Braves scout Palm Beach in spring training search

The Braves have called Disney’s Wide World of Sports complex near Orlando their spring training home since 1998. The team's lease expires in two years.

Credit: Hyosub Shin

Credit: Hyosub Shin

The Braves have called Disney’s Wide World of Sports complex near Orlando their spring training home since 1998. The team's lease expires in two years.

The Braves’ search for a new spring-training home in Florida has taken them back to their past.

Real-estate consultants representing the Braves recently met with officials in Palm Beach County, where the team held spring training from 1963 until leaving for Disney’s Wide World of Sports complex near Orlando in 1998, about a possible return.

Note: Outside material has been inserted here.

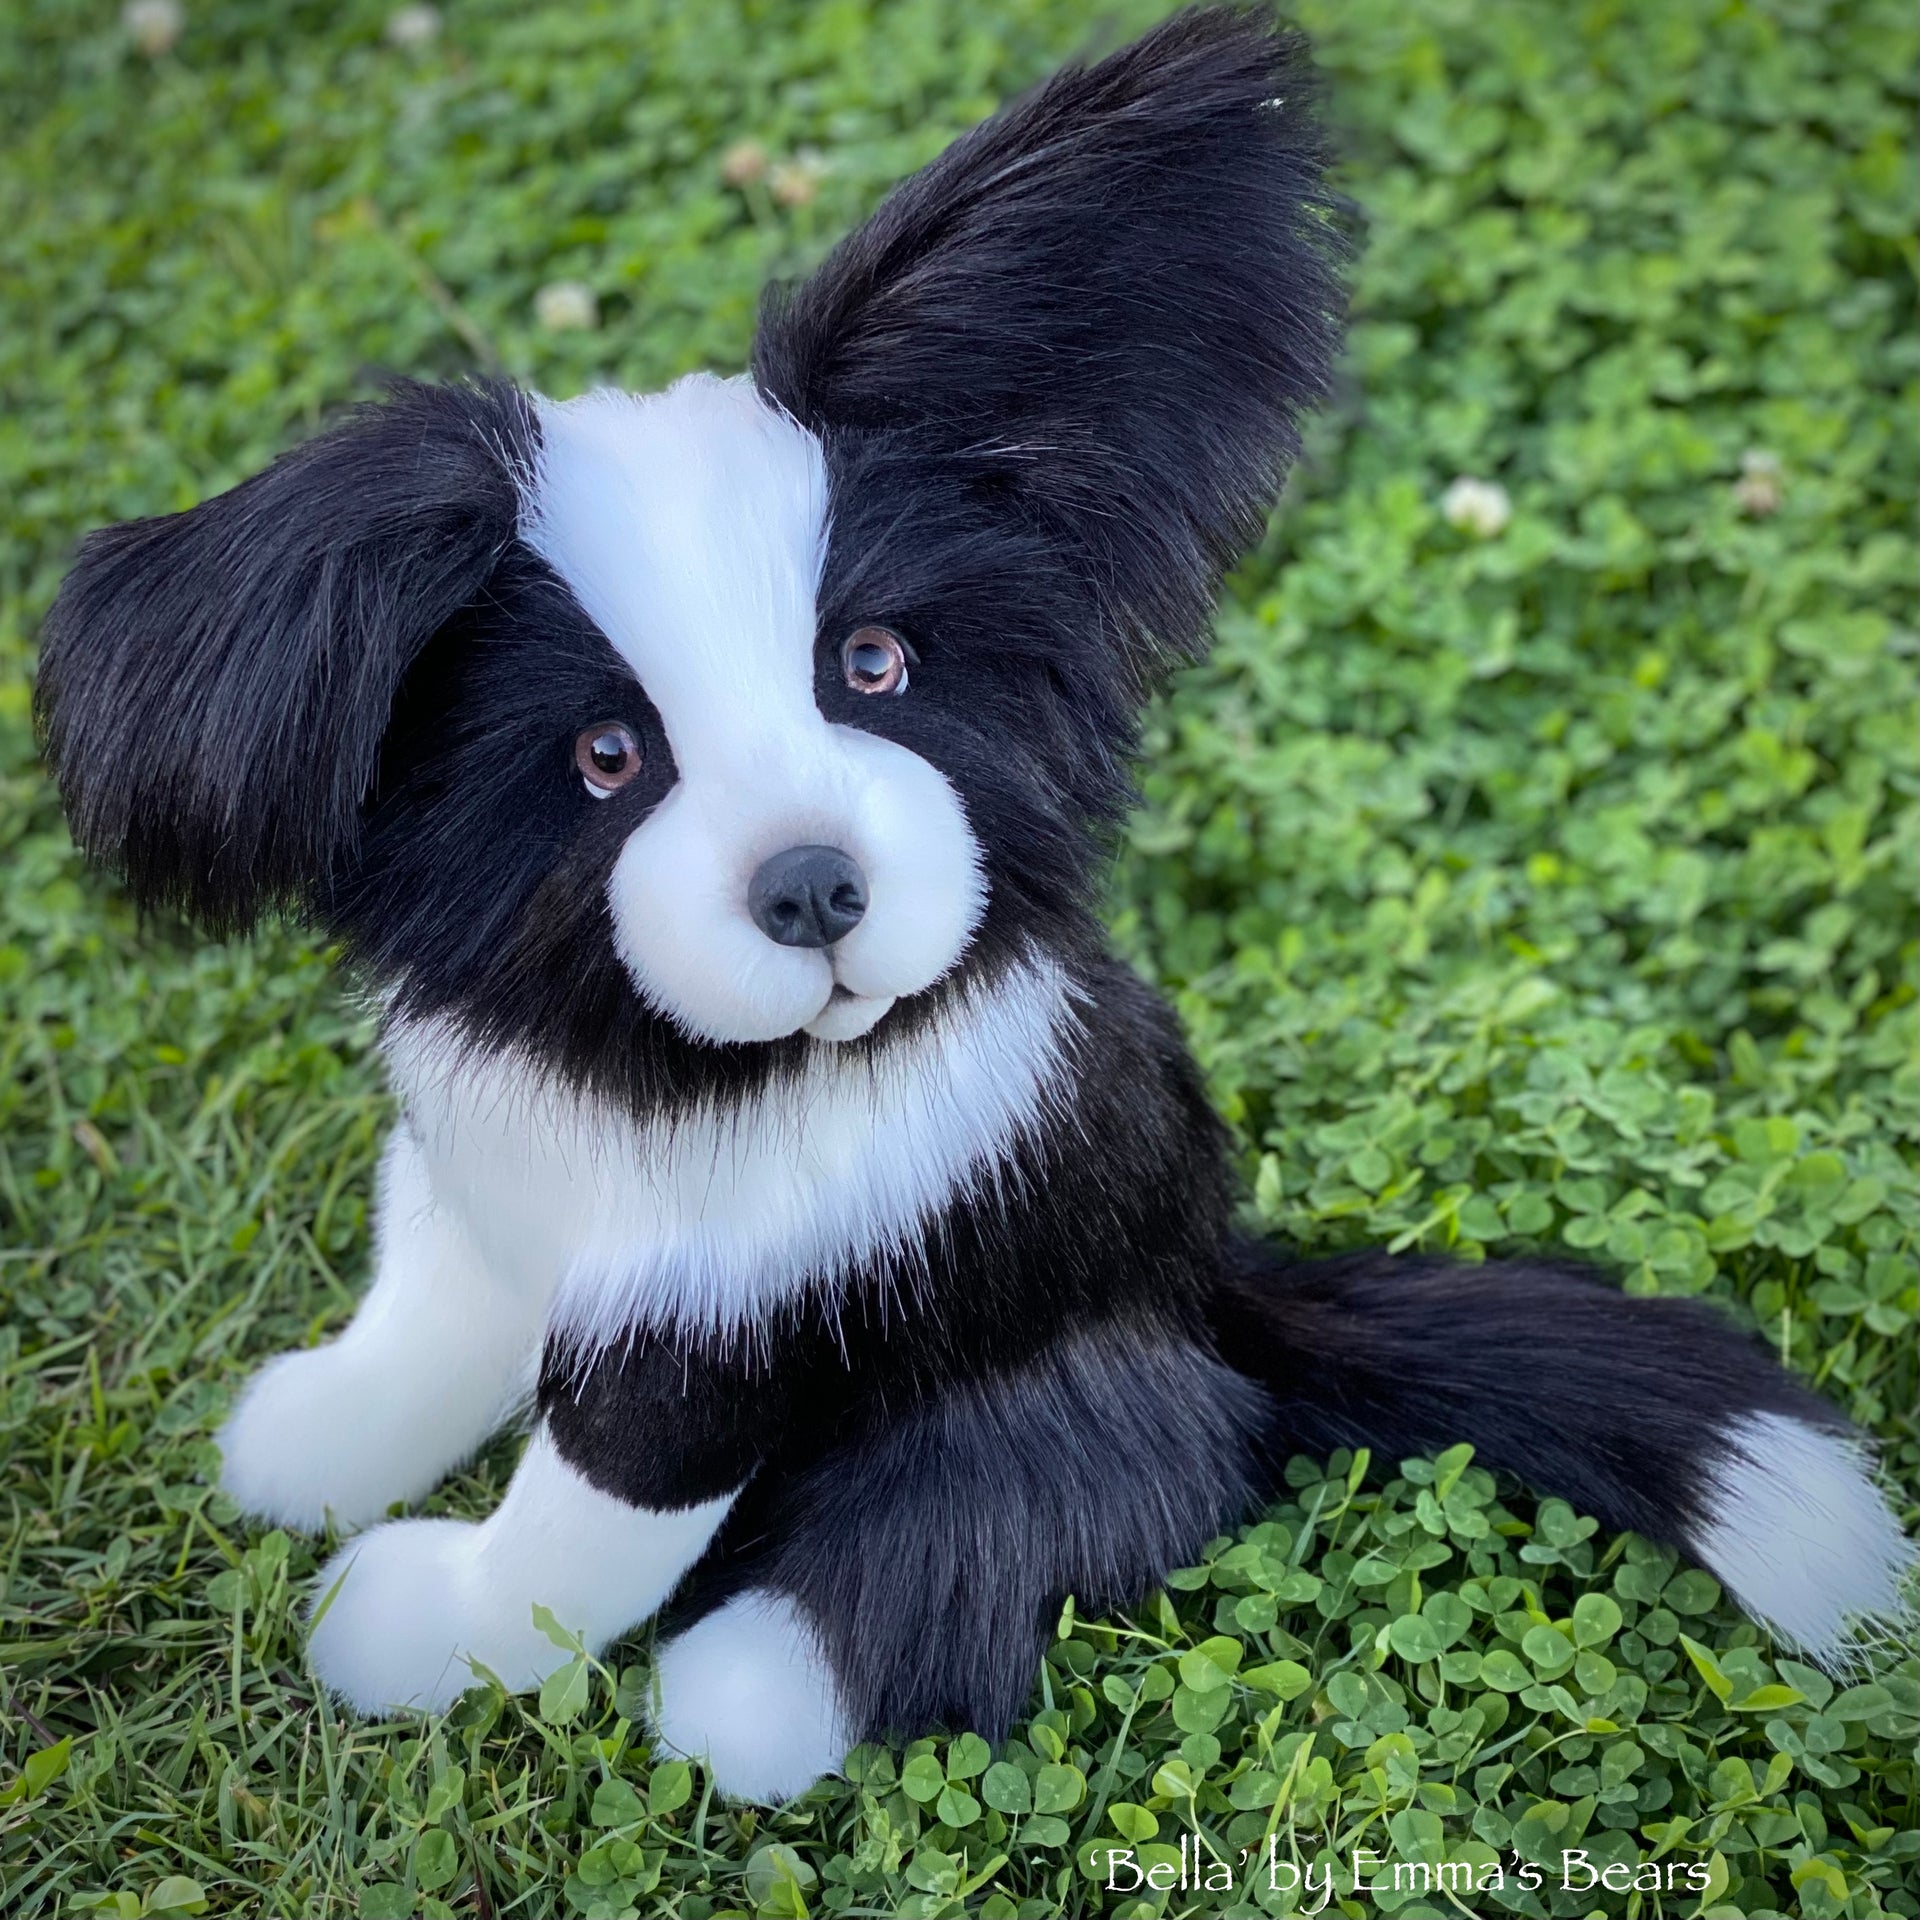 Bella - 17" faux fur artist Border Collie puppy by Emmas Bears - OOAK

While there is no indication at this point that the Braves would be able to make a deal with Palm Beach County, the meeting with officials there — first reported by the Palm Beach Post — underscores the team’s commitment to searching both the east and west coasts of Florida for a new spring base. The team’s lease with Disney expires after two more years.

The Braves have engaged commercial real-estate services firm JLL — the same firm working with the team on its new stadium and mixed-use development in Cobb County — to “assist us (with) site finding in Florida,” Braves president John Schuerholz said.

“They have talked to a number of communities to find out what the level of interest is or might be,” Schuerholz told The Atlanta Journal-Constitution. “They visited not only Palm Beach County but several other counties as well.”

Schuerholz would not name the others. A Florida sports official told the AJC last month that he’d heard of Braves’ discussions with or about the cities of Venice (near Sarasota), Naples, Fort Myers and others.

Schuerholz said two JLL (formerly known as Jones Lang LaSalle) consultants informed him after the meeting in West Palm Beach that the county officials “were assessing their level of interest.” No further meetings have been scheduled.

The county earlier this year committed $108 million in public funds and the state of Florida another $50 million toward a new West Palm Beach stadium to be shared by the Washington Nationals and Houston Astros beginning in 2017. That will make the county the spring home of four teams, with the St. Louis Cardinals and Miami Marlins already sharing a stadium in Jupiter.

Palm Beach County mayor Shelley Vana described the March meeting with the consultants representing the Braves this way in the Palm Beach Post:

“They said, ‘What do you think about adding another team?’

“I said, ‘You’re a little late. It’s already done.’”

Vana added that one of the consultants replied he wished he “would have gotten here sooner.”

The Braves’ decision almost 20 years ago to move to Disney isn’t forgotten in Palm Beach County.

Karen Marcus, a county commissioner when the Braves left, was quoted in the Post article as saying it “would be awesome” to get the team back. But she also said, “There are some things you don’t forget, and that’s one of them — how they snuck out of town on a Friday night. … Ol’ John Schuerholz snuck out in the middle of the night to go to Disney and now he wants out.”

Schuerholz told the AJC that his view of the Braves’ departure is different. He said the Braves reached a deal with Disney only after negotiations on a new facility in Palm Beach County “just didn’t work out” despite several years of effort.

“It was a delightful experience for us in Palm Beach County,” Schuerholz said. “We were just moving from an aging facility (in West Palm Beach) and looking for a better location for a new facility. … I think we have a great relationship with Palm Beach County.”

The Braves are seeking a new spring-training home, which likely would involve considerable taxpayer funding, because only one Grapefruit League opponent, the Detroit Tigers, will train in convenient proximity to Disney after the Astros and Nationals relocate from Kissimmee and Viera, respectively.

A third Palm Beach County stadium apparently would be needed to accommodate the Braves. Schuerholz indicated the Braves wouldn’t be interested in sharing a facility with two other teams because of logistical issues.

Schuerholz said the Braves seek a location with “community, political and economic” interest in hosting the team, as well as a location near other teams’ training facilities to reduce travel time to exhibition games. But he said it’s too early to know which cities or counties are possible matches.

“It would just be speculation about whether they’re interested, whether they’re not interested, whether we’re going to go there, whether we’re not going to go there,” Schuerholz said. “We don’t know any of that. We’re doing our due diligence, talking to as many communities as we can. Once we find out who might be interested, then we’ll go further.”